▶ _Exercise aim_
The pictures in the listing below are to be skipped, while the lines between the line holding "Letztes Jahr in" and the line holding "#urlaub #Kanada #InternationaleKonferenz", inclusive, are to be output exactly.

▶ _Extracted data_

=-=-=

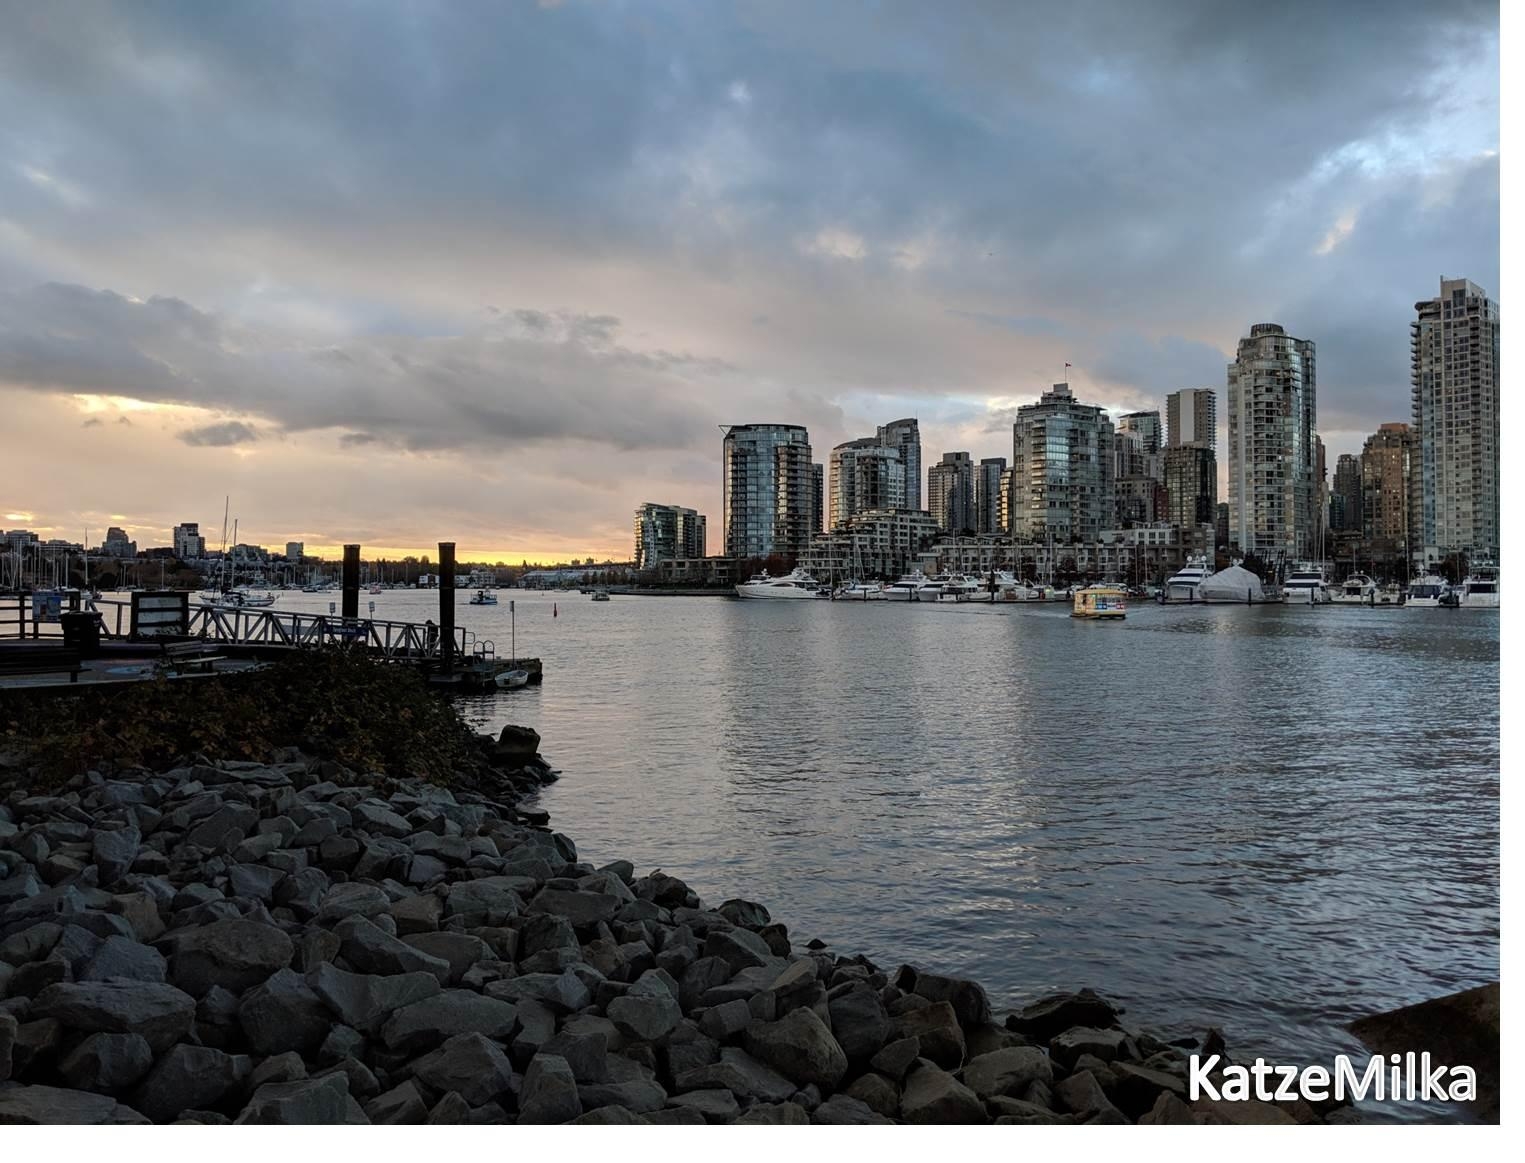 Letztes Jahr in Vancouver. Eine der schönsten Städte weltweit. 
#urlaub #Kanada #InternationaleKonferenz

=-=-=

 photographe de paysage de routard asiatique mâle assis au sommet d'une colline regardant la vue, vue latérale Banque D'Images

=-=-=

▶ _Response area_
 Letztes Jahr in Vancouver. Eine der schönsten Städte weltweit. 
#urlaub #Kanada #InternationaleKonferenz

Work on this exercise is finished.